“Tutta colpa di Freud” di Paolo Genovese

Tutto merito dell'amore

Paolo Genovese, nelle doppie vesti di autore e regista, dedicata un film e un libro all’amore.

Francesco è uno psicoterapeuta romano che ha dovuto tirare su tre figlie da solo dopo che la moglie ha deciso di andarsene di casa senza un valido motivo. Non è facile per lui dover pensare a Sara, la figlia maggiore, che si è trasferita a New York in cerca di un lavoro e dell’amore e che ha deciso di tornarsene a Roma dopo che la sua compagna l’ha mollata dopo essere stata sorpresa dalla sua proposta di matrimonio.

A Marta che vive insieme a lui e che gestisce una libreria “di qualità” a Roma. Fragile e sognatrice sta ancora aspettando la persona giusta, quella in grado di farle provare l’amore vero. E ad Emma, ancora al liceo, che ha preso una bella sbandata per Alessandro, un architetto, che ha circa l’età del padre.

A tutto questo, che già complicato lo è, si aggiunge il silenzioso sentimento che Francesco prova nei confronti di Claudia, una bella donna che vede passeggiare sempre da sola sotto il suo studio e che non ha mai avuto il coraggio di conoscere.

Tanti caratteri, tante sfumature e tante emozioni che si mescoleranno fra loro in maniera imprevista e originale grazie a quel sentimento tanto forte quanto incontrollabile come l’amore.

Paolo Genovese in Tutta colpa di Freud (da cui ha girato anche l’omonimo film) riesce a raccontare in maniera ironica e mai banale i contorni e le vicende di questi personaggi che fin da subito sanno catturare per la loro semplicità e per una spiccata simpatia.

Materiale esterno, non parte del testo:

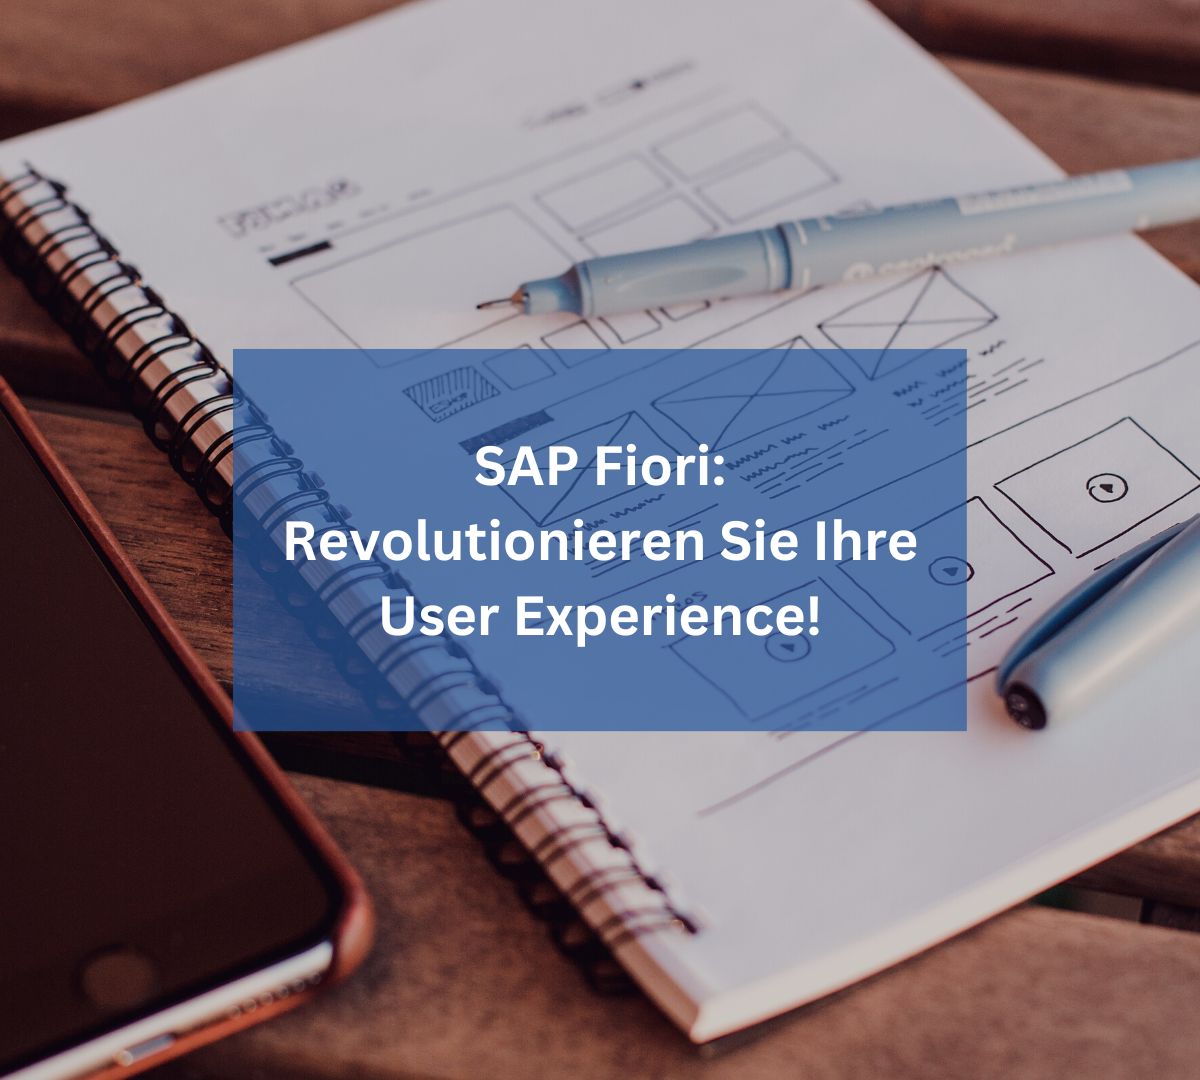 SAP Fiori: Revolutionieren Sie Ihre User Experience mit modernen und anwenderfreundlichen Apps

Caratteri legati e impreziositi dall’amore che viene descritto, a veri livelli, senza mai scadere in luoghi comuni o situazioni troppo melense.

E’ l’amore di tutti giorni, l’amore che non fa dormire, quello che vorresti e a cui non credi più, quello sincero e spassionato che nulla pretende e niente chiede in cambio, è l’amore che lega inconsapevolmente, o quello che si prova e non si riesce a fare a meno di sentire.

Genovese lo racconta con grande coinvolgimento e con la giusta qualità, con quella dolcezza e quel leggero tocco d’ironia che fa apprezzare una storia semplice ma allo stesso tempo intensa.

Paolo Genovese, Tutta colpa di Freud, Mondadori, 2014, pp. 264, € 16,50.